Strong, sensitive, moving, honest, brave, versatile performances from Sadgrove and Williams (see above for more about this); excellent individually, superlative in combination.

An inventive, courageous, uncompromising script by Dean. I particularly enjoy the way he throws pretty well any technique he can lay his hands on at his subject matter, provided it keeps the play moving along: humour – lots and lots of it – satire, song and dance, shock-horror, sentimentality, realism, non-realism, fantasy, poetry, a Lorde imitation, a musical about Amelia Earhart (‘Air/heart symbol!’). It would have been interesting if Dean had let his material run away with him more at times – the ending seems a bit tidy, for example – but overall, you’d never fault him for shying away from difficult material..

A polished, well realised production. It’s not always easy to tell how credit should be parcelled out between the director (in this case, Dean) and the cast and crew for shaping how a play is presented and given it unity on stage, but whoever did it, it works smoothly and successfully. 

Well designed, well executed lighting (Zoe Higgins) and sound and music (Oliver Devlin).

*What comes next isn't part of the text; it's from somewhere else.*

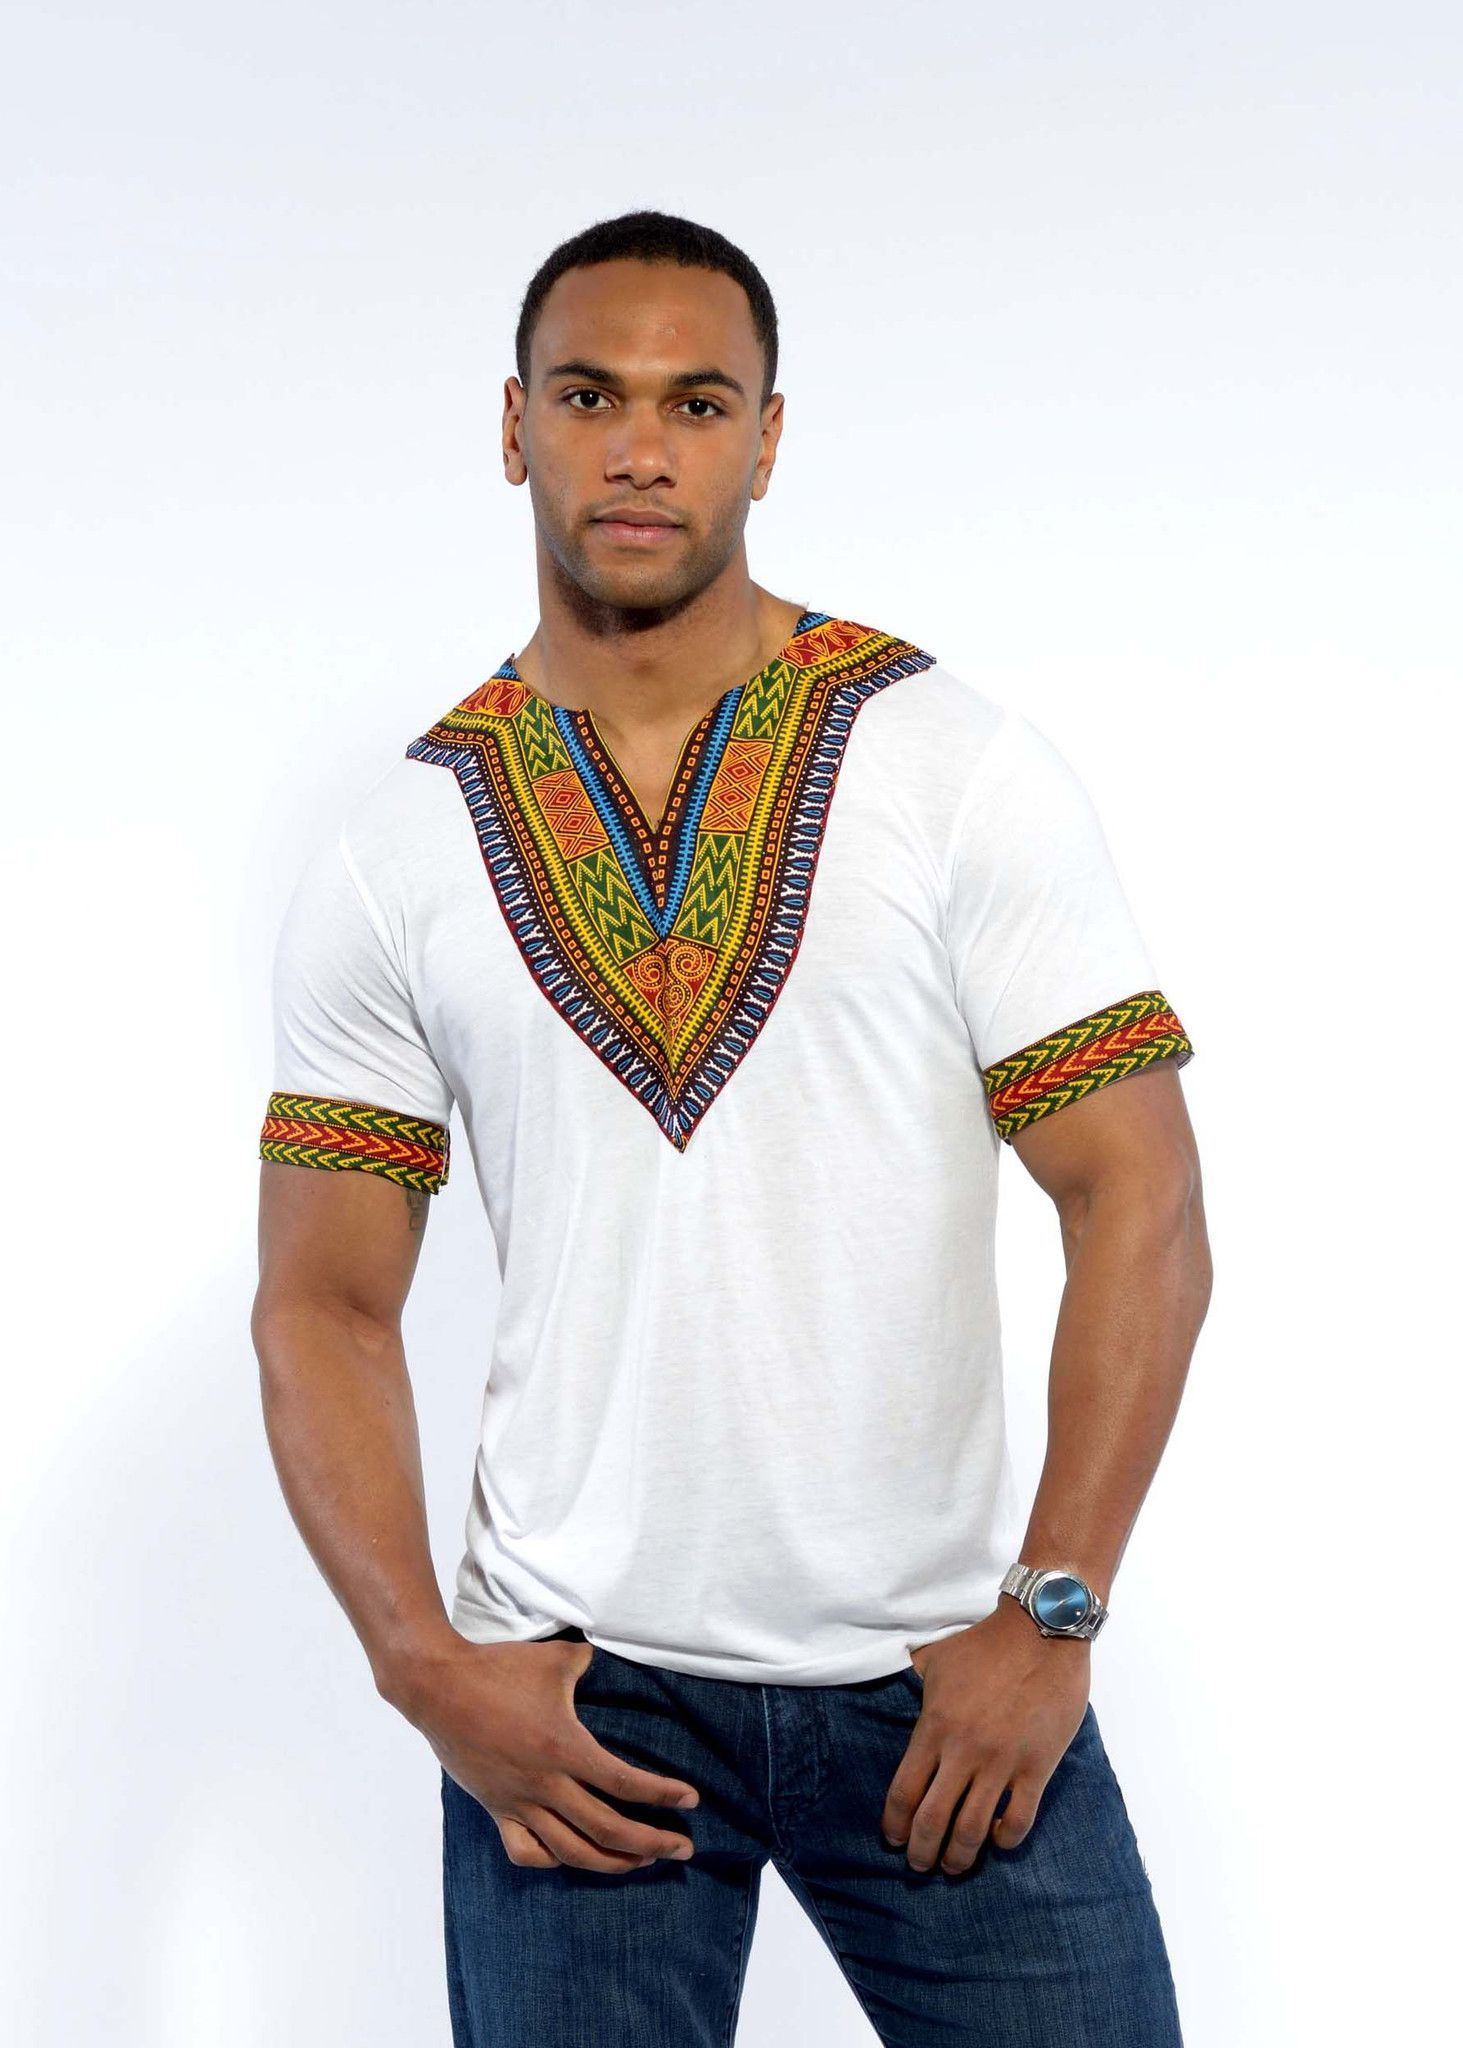 5ad608b3 Men's African Print Dashiki T-Shirt (White) in 2019 | Fashion ...

Me and My Sister Tell Each Other Everything is not the play to go to if you are looking for diversion from the cares of life and maybe a cheerful tune you can hum as you’re driving back home. As the audience is well warned in advance, the play includes detailed discussion of, and portrayal of, suicide, including blood.

It most definitely is a play to go to if you’re looking for well-conceived, well executed, adventurous drama which shows what theatre can do when highly talented people get together and push the limits.